La voz de Toto tiene ahora un tono desgarrado:

– Yo pensando que la querías bien, ya ves; que la querías de veras; que si preguntabas por ella y la buscabas es porque la ibas a quitar de servir y te ibas a casar con ella y te la ibas a llevar por ahí, lejos para que yo no pudiera ya verla más, al fin del mundo.

– Eso eran figuraciones tuyas, Toto, figuraciones… ¿Tú crees que yo estoy en condiciones de mantener una boca más?. Bastante tengo ya con lo que le mando a mi madre. Bastante tengo con no ser una carga para la familia.

– Que eres un gallina y yo un primavera – dice Toto -. Los dos sois unos gallinas – señala a Antonio -. Tú, y él, los dos, fíjate. Los dos estáis cortados por la misma tijera.

Es ahora Eugenio el que tiene que sujetar a Antonio que se abalanza sobre Toto.

– Deja. Está loco. Déjale – dice -. ¿No ves que está borracho?. Con niños no se puede beber. Para beber hay que beber como hombres.

A Toto le caen lágrimas confundidas con el sudor. Se restrega la barba y los labios y se da luego un manotazo de rabia sobre el pecho:

– Mira que soy capaz de mataros a los dos. Uno a uno, o a los dos juntos, como queráis.

– Estás valiente – dice Eugenio -. Estás tú hoy muy valiente.

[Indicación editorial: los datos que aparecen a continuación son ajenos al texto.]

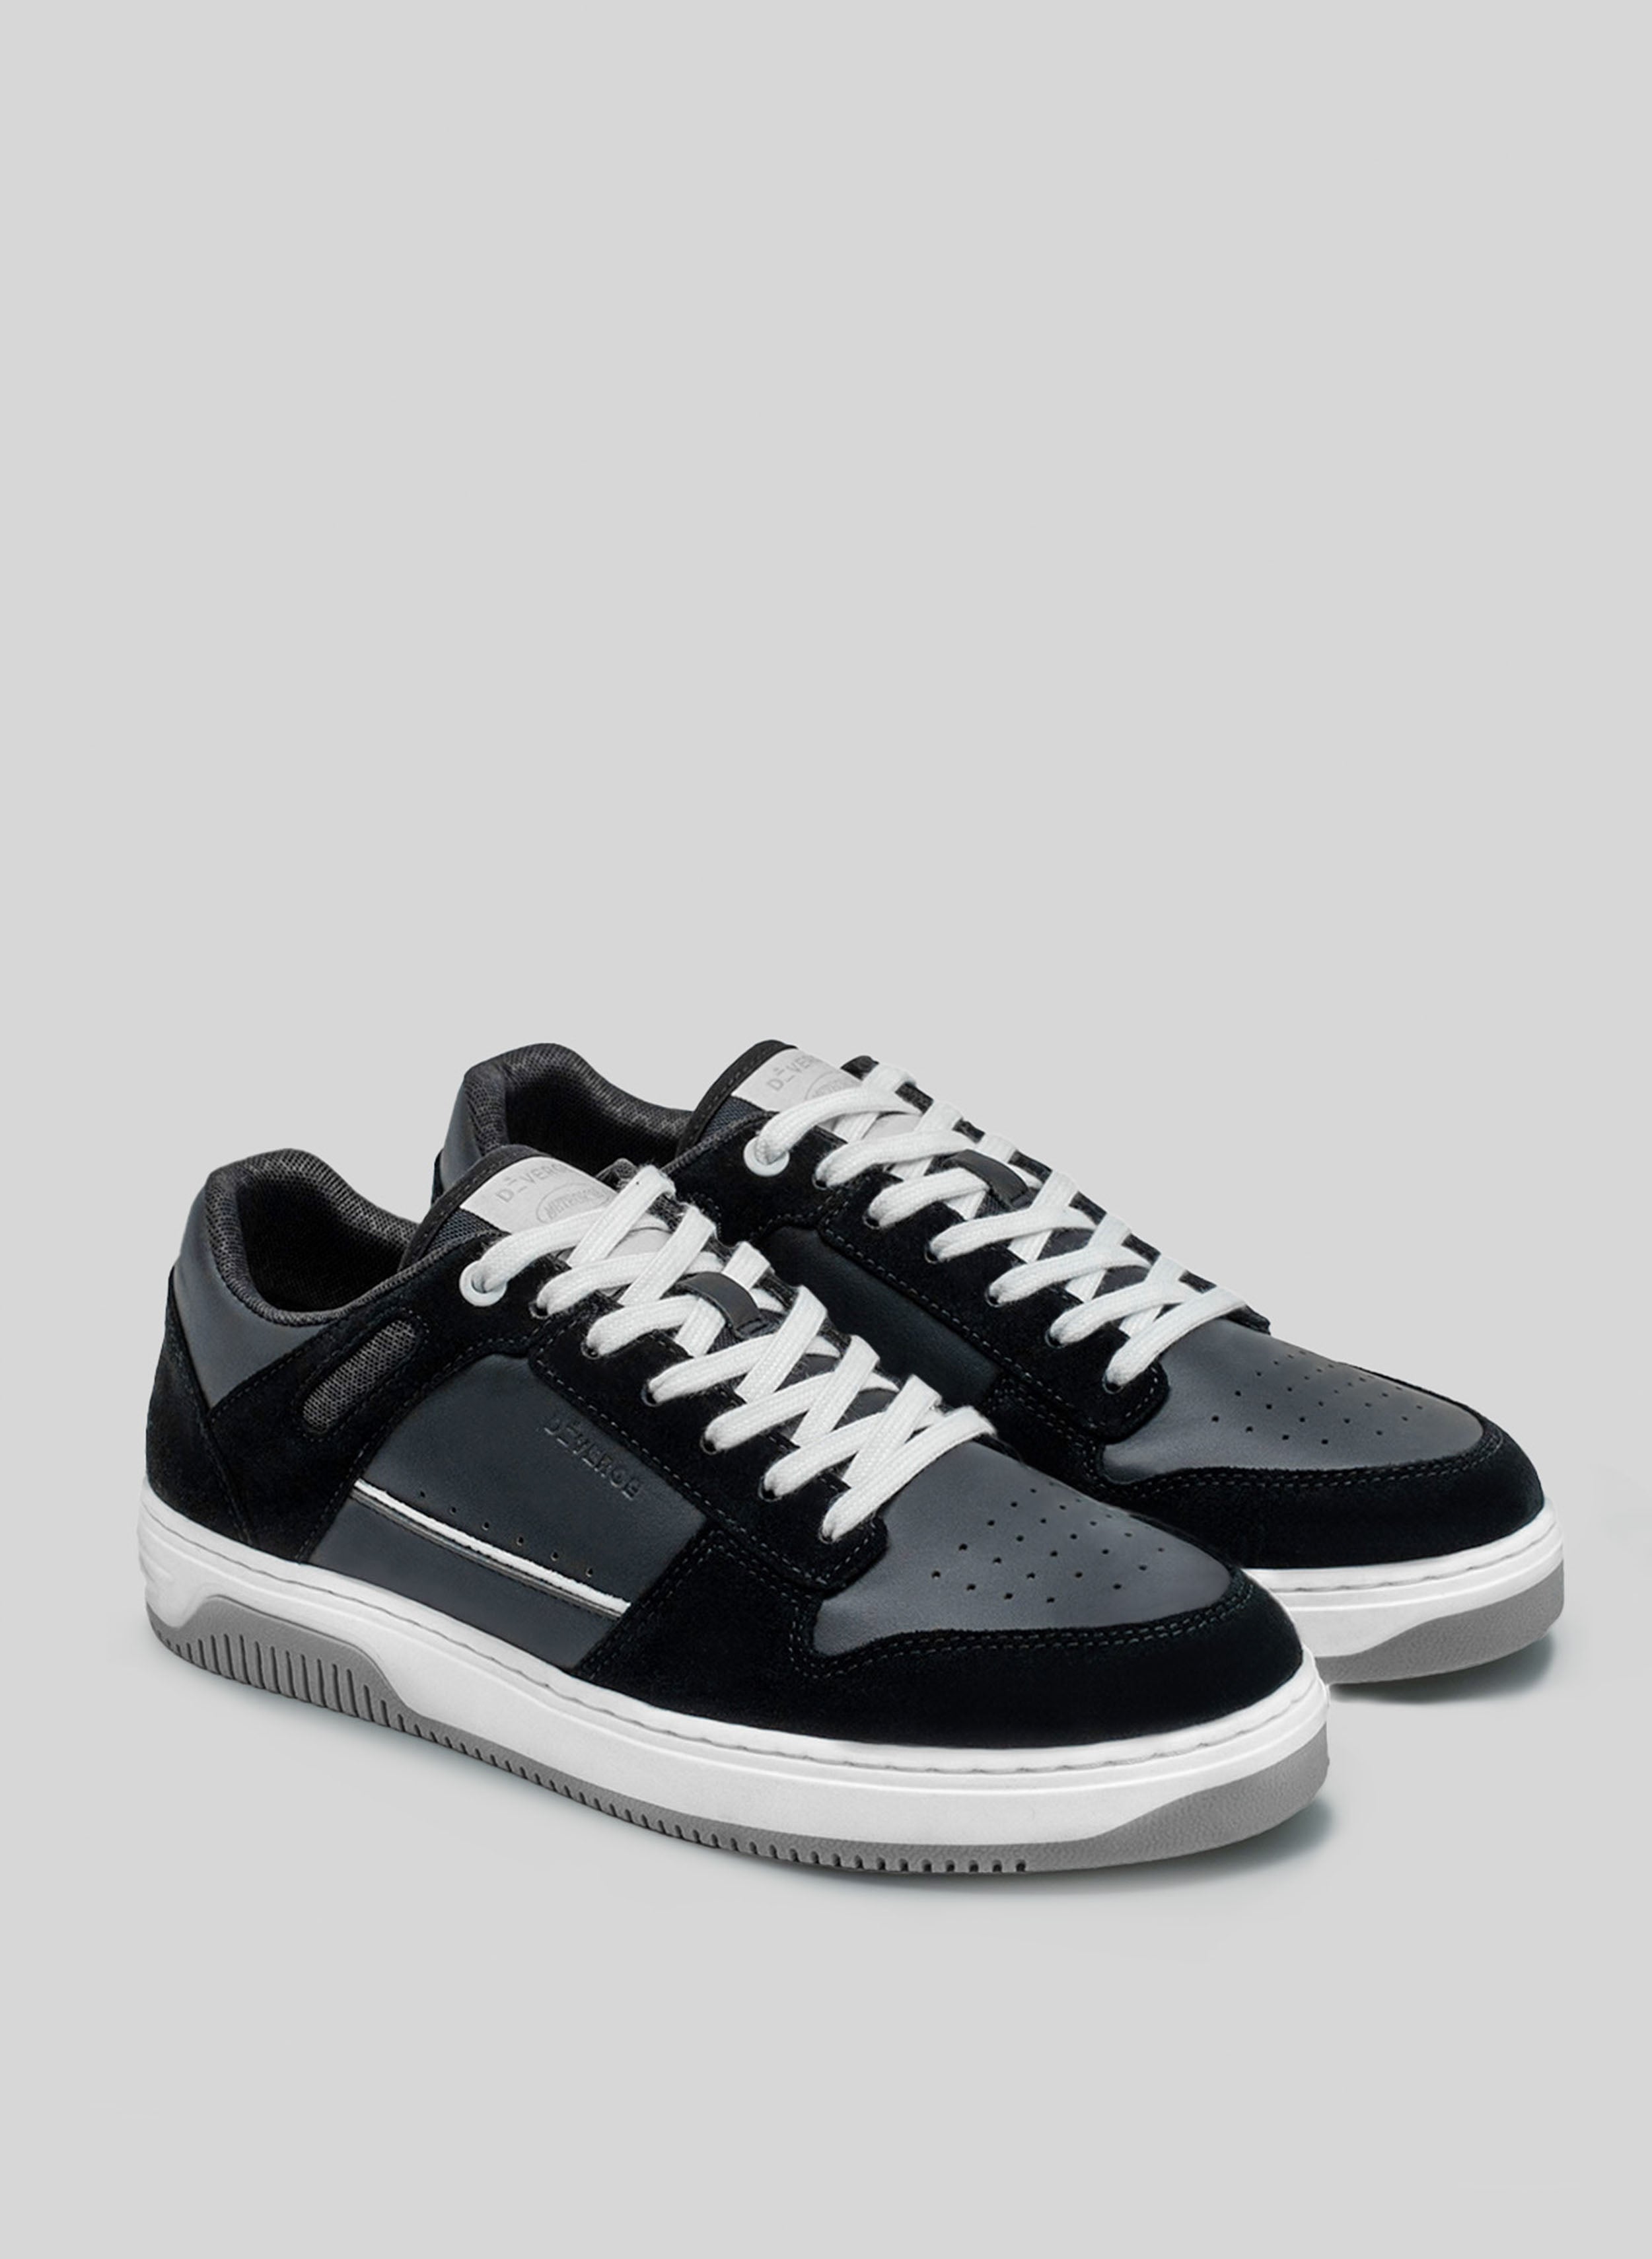 sneakers blanco y negro con suela gris de Diverge, promoviendo el impacto social y el calzado personalizado a través del proyecto imagine. 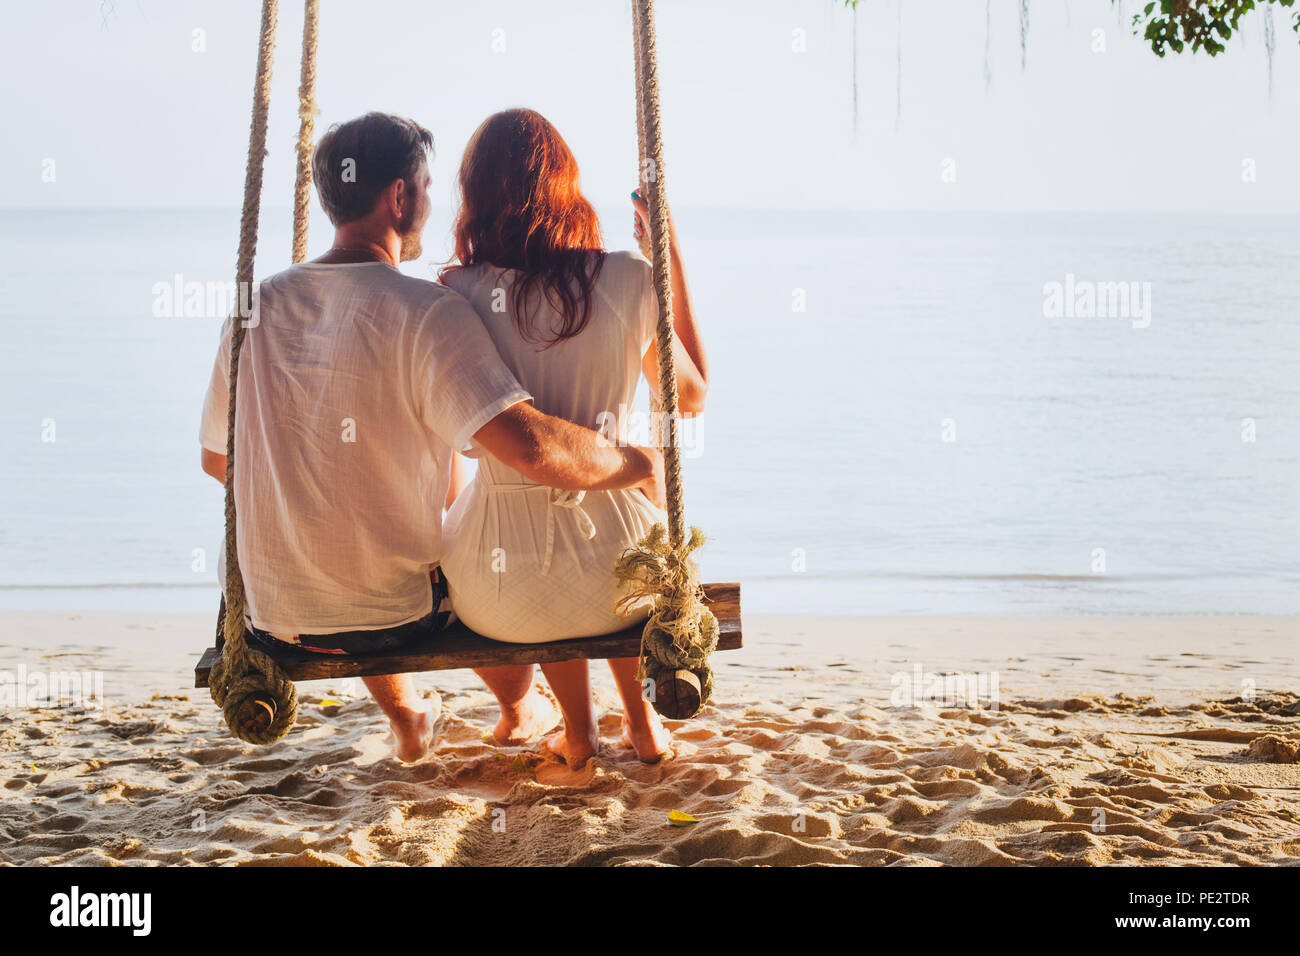 couple on beach holidays, family romantic honeymoon vacation Stock Photo

Soponcio a la cabeza. Humo y neblina. Turbias las aceras, turbios los tejados rojos y los maizales sin segar y la blanca flor del algodón. Arcadas. Toto arroja todo el fuego del vino que le quema la garganta apoyado en una verja. Antonio y Eugenio tienen que ayudarle para que no caiga redondo sobre la vomitina. Rechaza la ayuda y se limpia el espumarajo de la boca. Finalmente acaba por dejarse conducir dócilmente entre los dos.

– Toto, Totín, que está visto que no has nacido para borracho – dice Eugenio mientras le acaricia el cuello -. Hay que ver que te has puesto como una fiera por nada. Después de todo eres tú el que ha salido perdiendo: te has cargado el camisón y pensaba regalártelo antes de irme.

La tarde inútil que ni siquiera ha aprovechado la siesta se les clava a Toto y Antonio en la morriña cagalona. Que sino se fue a trabajar por el jolgorio y se perdió el jornal es necesario continuarlo, pero ninguno puede dar ya un paso.

Se sientan los tres en el bordillo del acerado como lo hicieran cinco años atrás, cuando marchaban al caer la tarde para asomarse a las celosías de la Colonia para ver desnudarse a las criadas. Buenos tiempos. Antes de ir a la "mili" para marcar el caqui, antes de poner cara seria a la vida. Cuando sólo se echaba de tarde en tarde una peonada agrícola y el resto del tiempo se malgastaba en gamberrear, en ir y venir sin ton ni son, en pedalear la cuesta arriba de los alcores entrenando la afición a la bicicleta a ver si por allí podía dársele una salida a la vida.

La brisa atlántica levanta pequeños remolinos de polvo y hace tililar las hojas de los pitósporos. De tarde en tarde una tromba de aire caliente eleva una columna de tierra.